India is experiencing a near doubling of demand for electric cars and two-wheelers, as sharply higher fuel prices due to the Iran war prompt a growing number of consumers to switch. This has triggered an unprecedented demandsupply imbalance, catching the industry off-guard, with companies scrambling to fulfil the surge in orders. Their efforts are however crimped by suppliers unable to keep pace due to manpower shortage and supply chain issues.
“In the last 15 days, things have changed completely,” said Shailesh Chandra, managing director at Tata Motors Passenger Vehicles and Tata Passenger Electric Mobility on Wednesday. “It is an even sharper growth in interest than what I was seeing two to three weeks ago.” At Tata Motors, the country’s largest electric car maker, demand is running at 2 to 2.5 times its current monthly capacity of 9,000-10,000 cars.
“Whatever you give me, I will sell, just send me units,” said Ravneet Phokela, chief business officer at electric two-wheeler maker Ather Energy, citing conversations with dealers. The sales data reflect the intense market demand. Electric car registrations jumped 51 per cent to 21,669 units this month as of May 27. Electric two-wheelers climbed 36 per cent to 1,43,668 units over the same period, according to the government’s Vahan portal.
Automakers say the real bottleneck is not on the factory floor. Chandra said Tata’s in-house manufacturing is not the constraint — it is the inability of suppliers to ramp up fast enough. The company is targeting a 50 per cent capacity increase within three to four months, taking monthly output to around 15,000 units.
Mahindra & Mahindra tells a similar story. The company hasn’t been able to produce enough EVs, particularly the BE 9S seven-seater electric SUV, which has been in strong demand since launch, due to labour shortages at suppliers. Though Mahindra declined to comment officially, its dealers confirmed the pressure. “On an admittedly low base, enquiries have inched up 30 per cent and conversion into sales has doubled to 20 per cent,” said a M&M dealer.
The share of electric SUVs in Mahindra’s overall mix rose to 10 per cent in May from 8 per cent at the end of the March quarter. At Tata Motors, the share climbed to 18 per cent from 14 per cent in the same period.

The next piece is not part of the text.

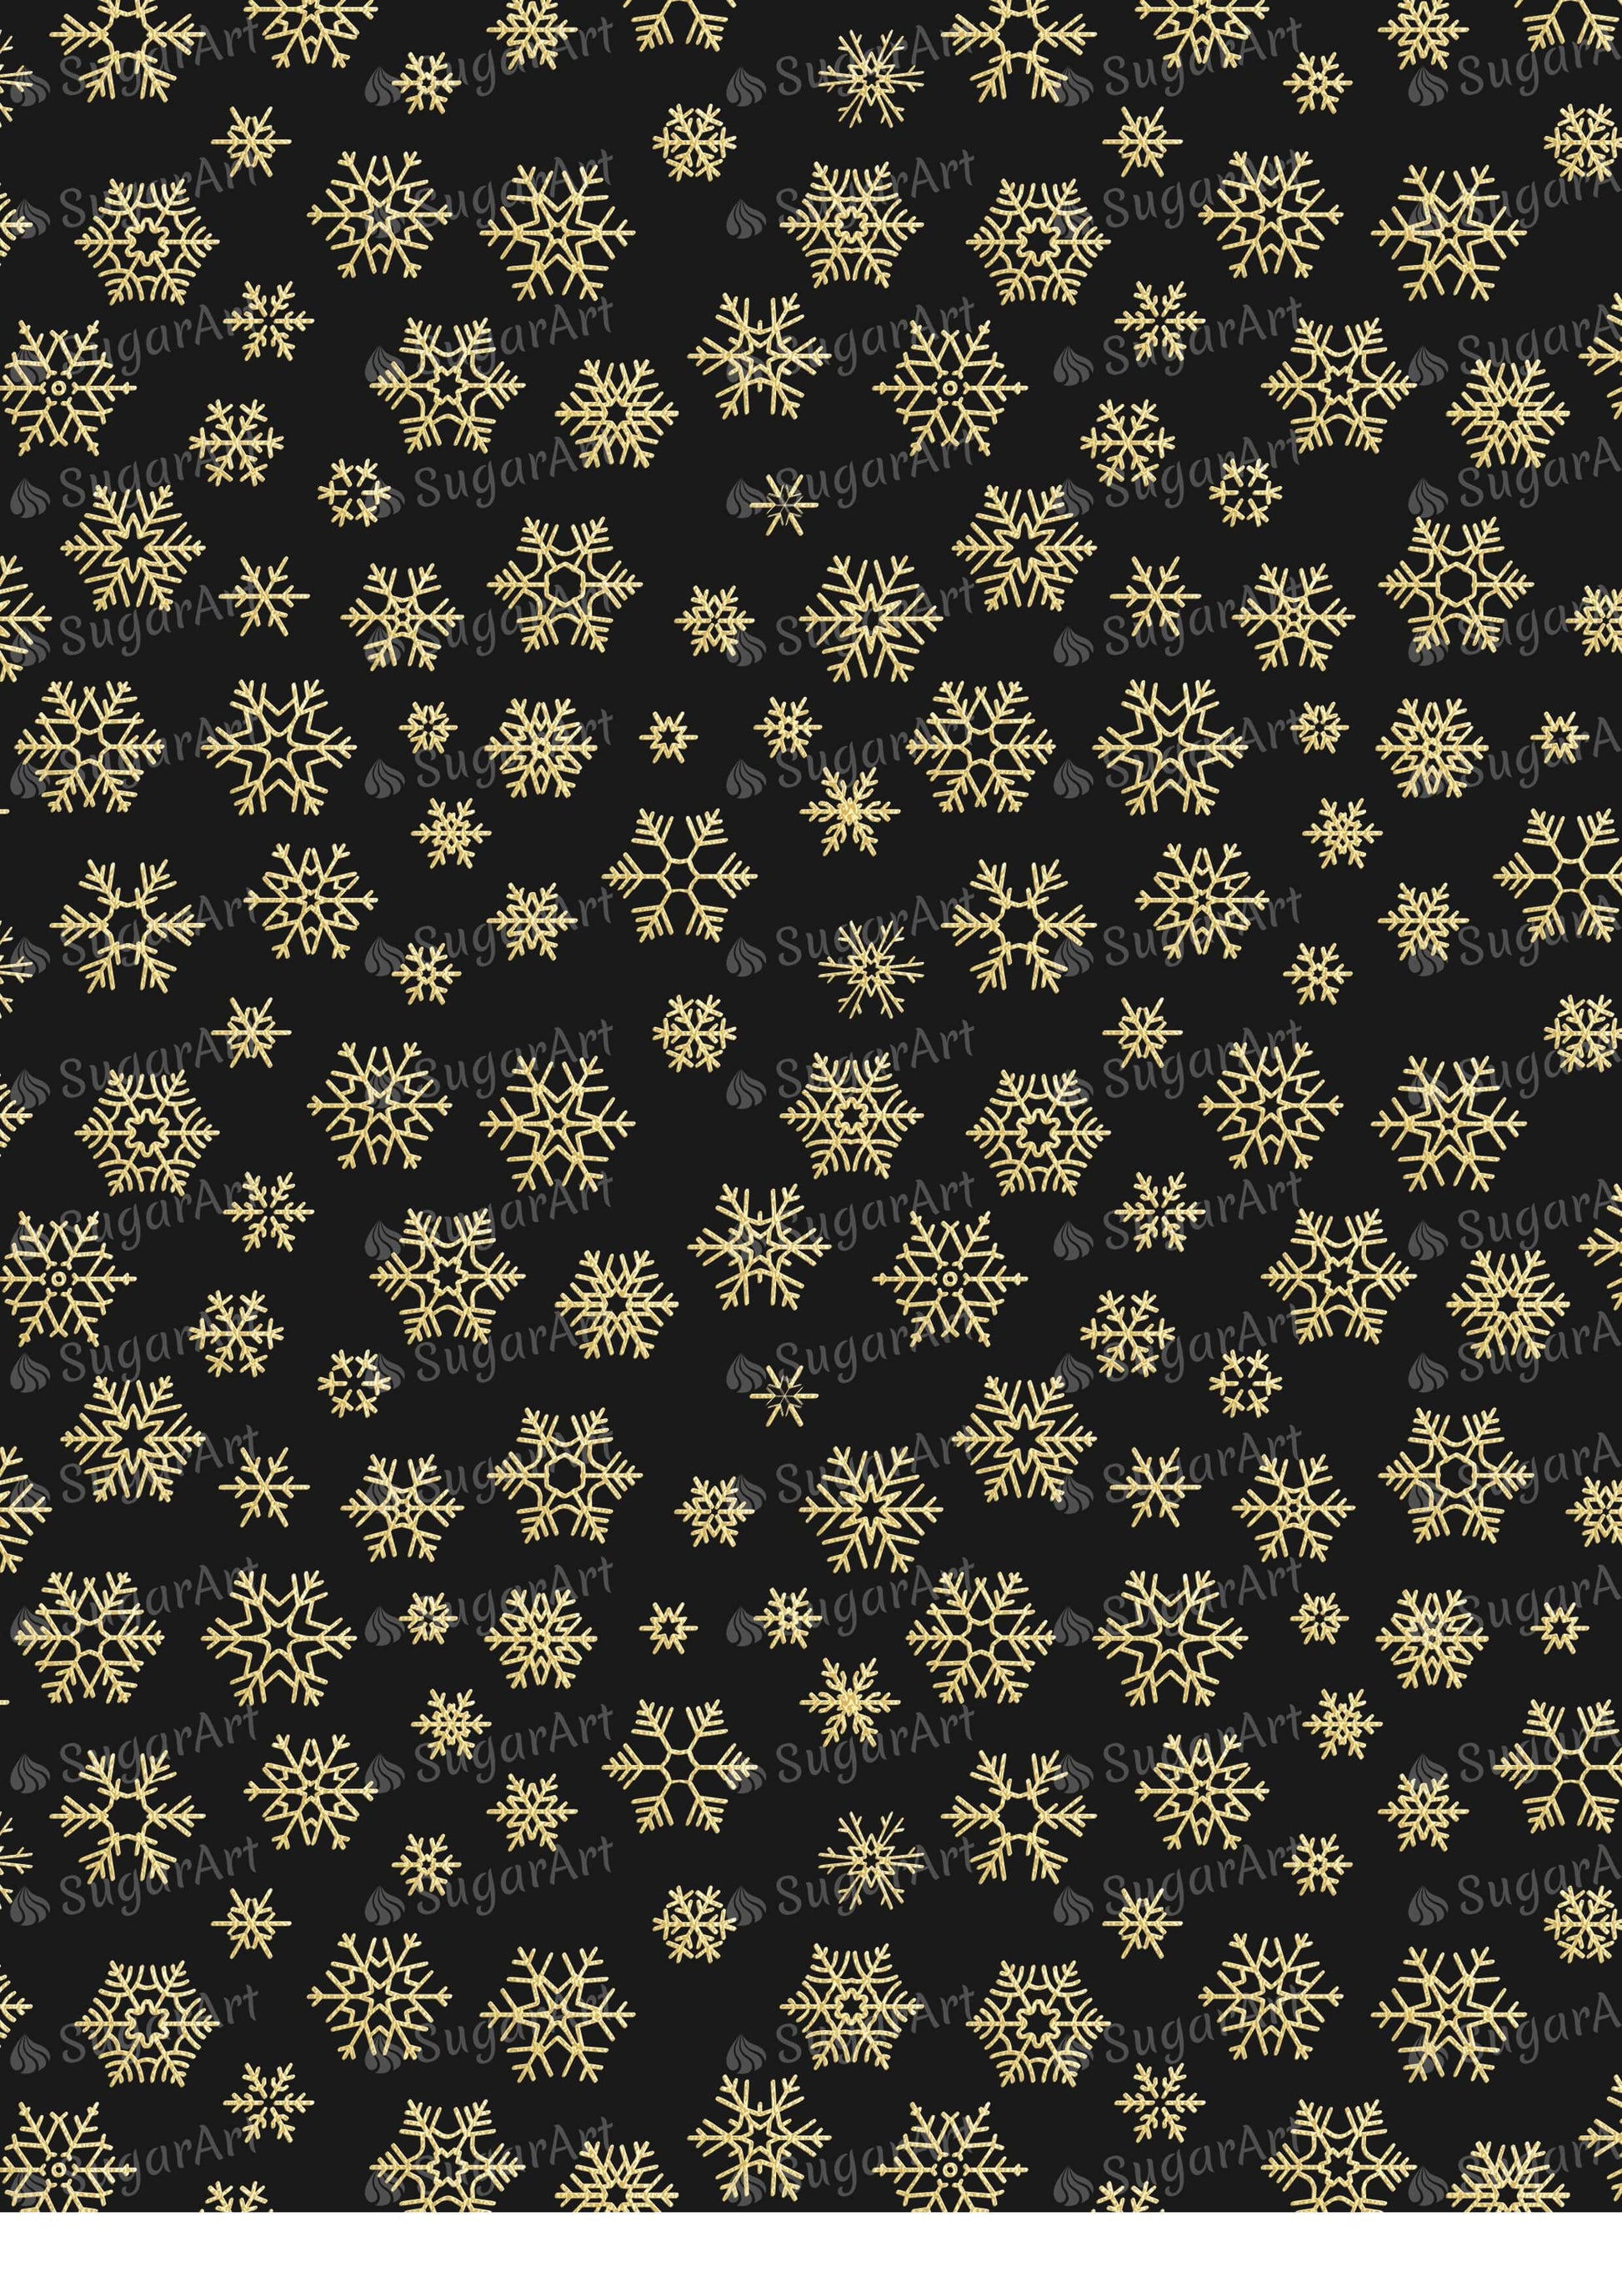 Golden Snowflakes on Black Background - BSA077.
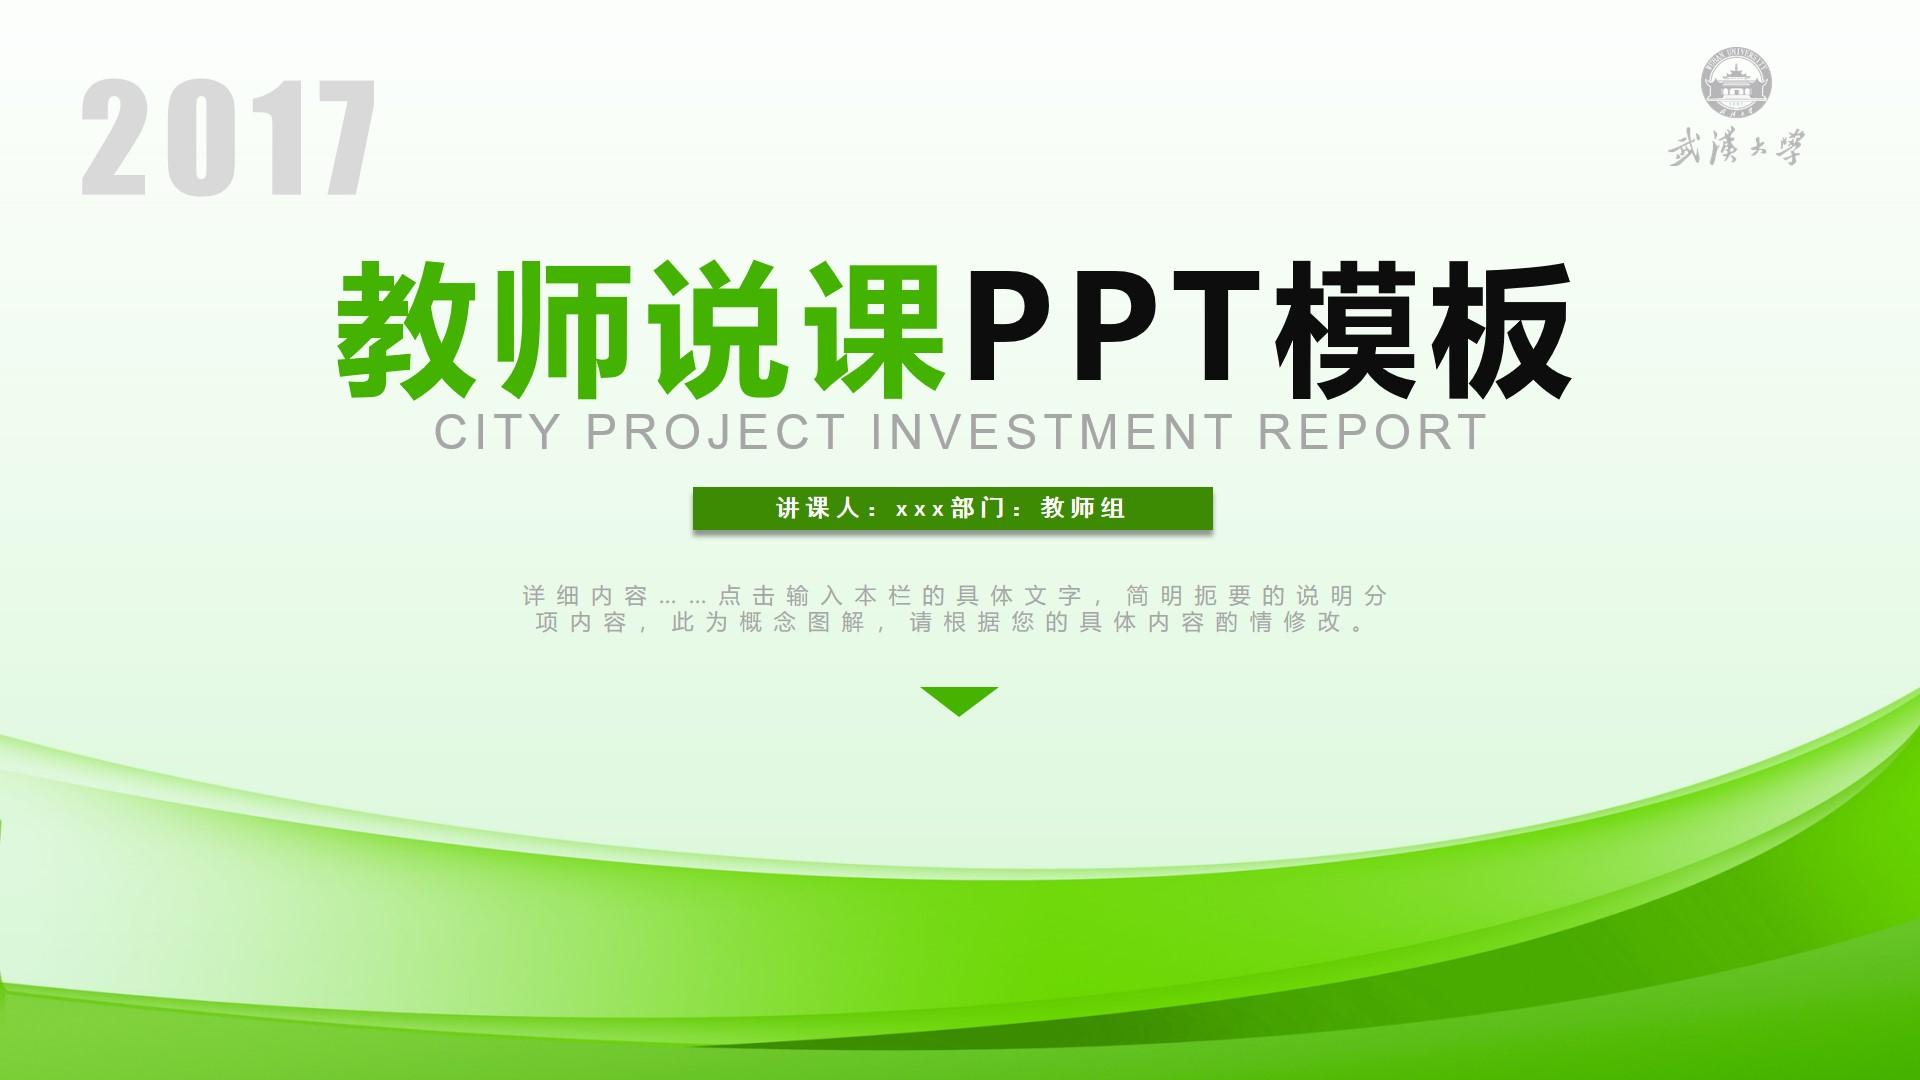 教育教学绿色白色简洁标准模板 city investment project ppt云素材PPT模板1672666109722

Phokela explained that the supply crunch has been compounded by factors beyond the demand surge itself. A shortage of LPG that preceded the latest fuel price hikes disrupted component makers reliant on gas-fired equipment, while a wave of migrant labour returning to their hometowns due to elections in some states left suppliers short of hands even where materials were available.